Iranian artist (born 1952)

Bahram Kalhornia (بهرام کلهرنیا; 1952) is a drawing artist, sculptor, graphic designer, painter, researcher, and educator in the field of art from Iran.

== Origin and early life ==
Kalhornia was born into a prominent family with a cultural background from the Kurdish Kalhor tribe in Kermanshah on March 30, 1952. Throughout his childhood and youth, living in the city and the countryside allowed him to experience the vibrant nature of the western region of Iran, and become familiar with and benefit from the world of plants and animals. Additionally, his exposure to the stories, beliefs, ethnic experiences, work methods, and lifestyles of the people, as well as hearing epic tales from Ferdowsi's Shahnameh and Kurdish Shahnameh, and blending these concepts with the lifestyle and aspirations of the tribal community, left a profound and lasting impact on him, greatly influencing his life path and the works he created. During his school days at Dr. Abdolhamid Zangeneh High School in Kermanshah, the presence of influential and humanistic teachers such as Saeednia, Etekal, Toulaii, Nazempour, Katanchi, Sadri, and others expanded his thinking, and attention to the value of “questioning”. In his childhood and adolescence, due to the cultural atmosphere of his family, guidance, and support from some relatives, the enthusiasm for reading took root in him, and it was during this period that he eagerly read various books in the fields of sciences, sociology, history, and especially classical literature with great interest.

== Education ==
In 1972, by entering the University of Decorative Arts in Tehran, Kalhornia became acquainted with a variety of artistic practices and various fields of visual work. The formation of new social relationships between him and the professors and fellow students created years full of intellectual motivations for him. His years at the university provided a good opportunity for practice, work, effort, and discovery. During these years, his presence beside his professors such as Shiddel, Lilit Teryan, Hossein Kazemi, Mohammad Ebrahim Jafari, Gholamhossein Nami, Mirfenderski, Anvari, and Ahrari contributed to the flourishing of his existential values. Among them, Shiddel and Teryan, in closer relationships, influenced his emotional-intellectual life.
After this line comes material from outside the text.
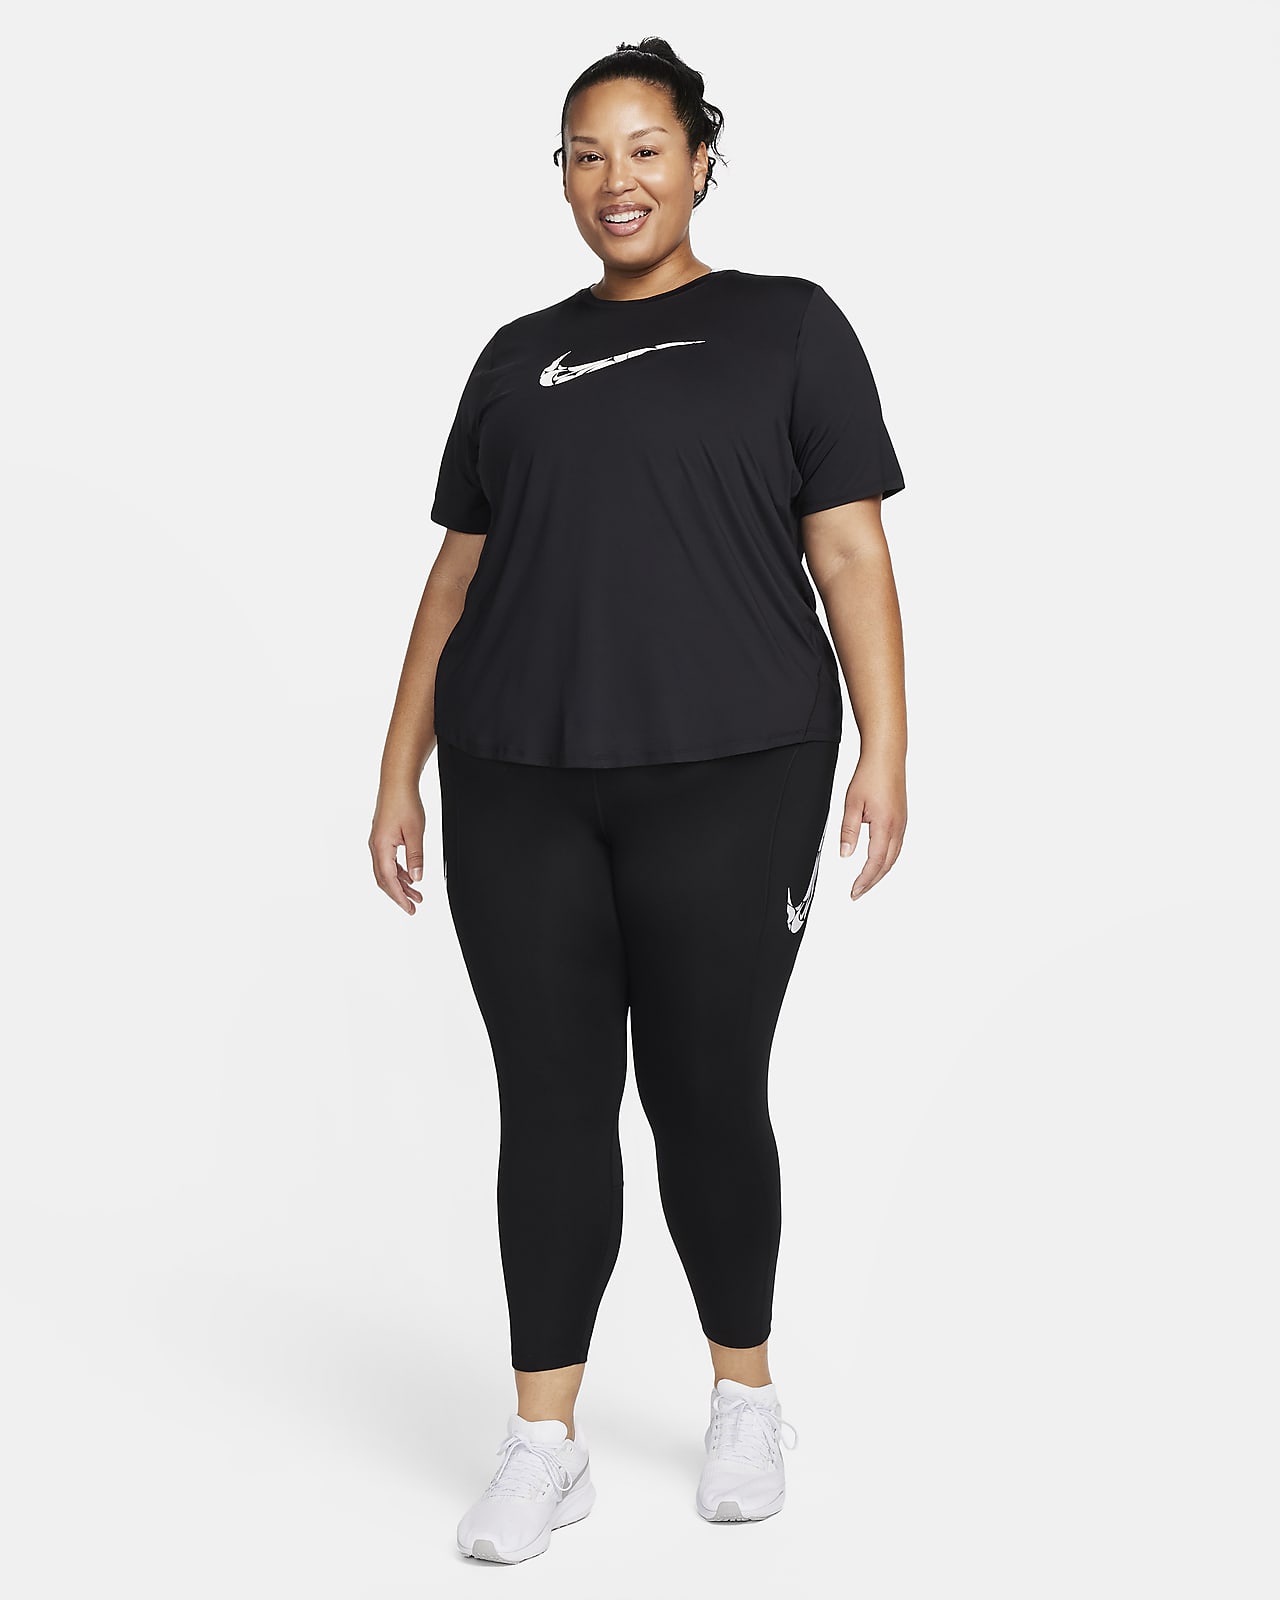 Nike Women's Dry Legend Training Tee Gray Size X-Small – Tuesday

More than two years of companionship and collaboration with Professor Shiddel during the execution of a large mural painting at the Agricultural Palace in Tehran led to development of his intellectual and practical abilities in artistic activities. During his years at the University of Decorative Arts, he carried out pioneering and cultural activities due to social motivations in cooperation with some professors and fellow students. Initiating the first student magazine, establishing a library, forming a theater group under the guidance of Professor Abolhasan Vandehvar, organizing poetry and literature nights, lectures, and dozens of other efforts all contributed to the creation of a comprehensive and dynamic cultural perspective, and the results of these capabilities proved beneficial in the subsequent years in the course of his educational experiences as an art instructor.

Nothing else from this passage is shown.